Monday, October 21, 2013

Dry Aging

There is one other significant difference between our beef and the stuff available in groceries.  It is not exclusive to grass-feeding as it has to do with post slaughter treatment of the carcass.  Traditionally beef carcasses were chilled and then "dry aged"  for 14 to 21 days (sometimes even longer) between slaughter and butchering.  The butcher we use to process our cattle still does this as it results in a superior final product. Aging gives naturally present enzymes time to work on muscle tissue and develop flavors to their fullest.  It also dehydrates the meat which means we sell more meat and less water per pound of meat.  The large meat packers moved away from aging during the 1960s because most consumers didn't complain or shift their buying habits when they bought more water, while the extra water weight in each cut contributed to the packers' bottom line. This is true across all cuts, but is most readily apparent in a side-by-side ground meat cook-off. A pound of Cairncrest beef will release less water into the frying pan than a comparable package from the local grocery. Next time you cook ground meat from a store take note how much water comes out.

In the interest of science here is my try at demonstrating it.  I cooked the same amount of meat from ourown steer and a package from the grocery store.

Here is a photo of the two meats prior to cooking.
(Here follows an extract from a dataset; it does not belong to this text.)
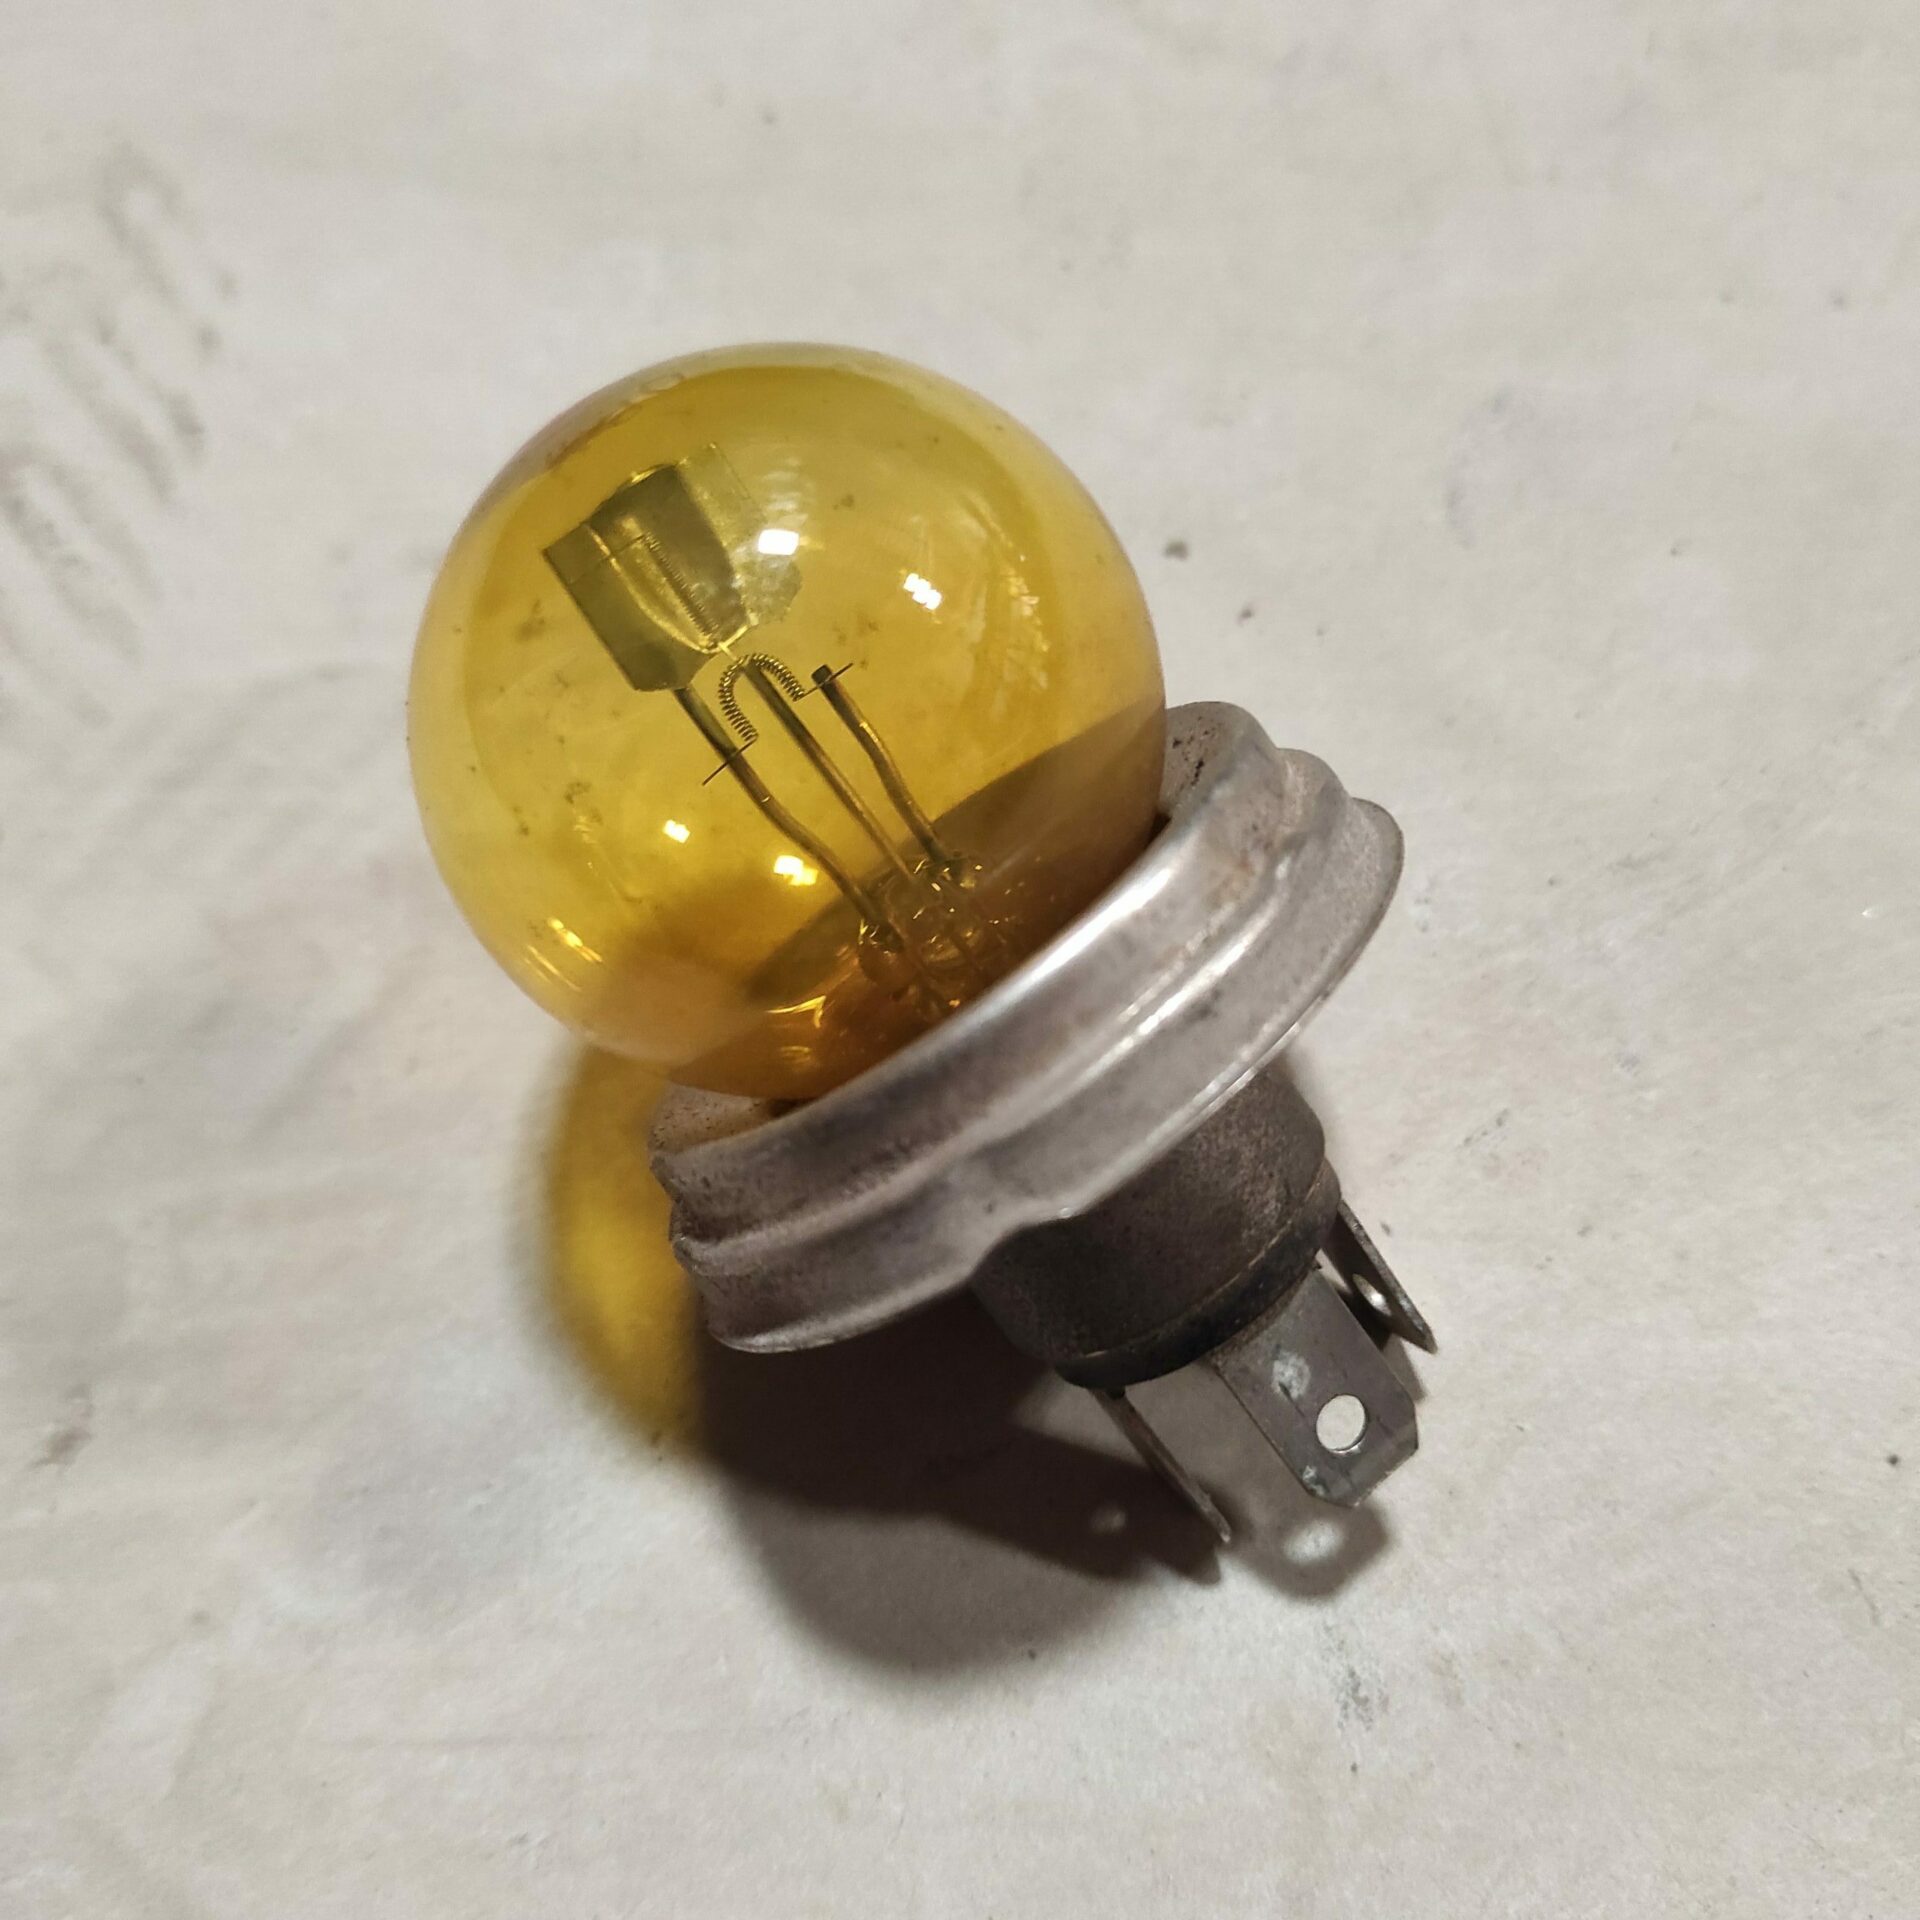 Ampoule 12V 35/35W - JAUNE - BA21d - optique de phare ACMA

Guess which is which. (I did adjust the color balance a little bit in this photo because I struggled to get the light to cooperate while cooking dinner. But I did my best to get the shades of meat true to reality.)

I did a poor job of photographing the liquid that come off, but as you can see the grocery meat released more liquid. I'm actually surprised there wasn't more of a difference, but what is shown represents approximately one ounce out of a one pound package so ~ around 5%, which is in line with what I've read occurs in a two week aging.

I didn't take a picture of the cooked meat because the color discrepancy was much less dramatic and probably wouldn't have shown up on a computer screen, though it was still apparent in person.

I found both the flavor and texture of our beef to be more enjoyable.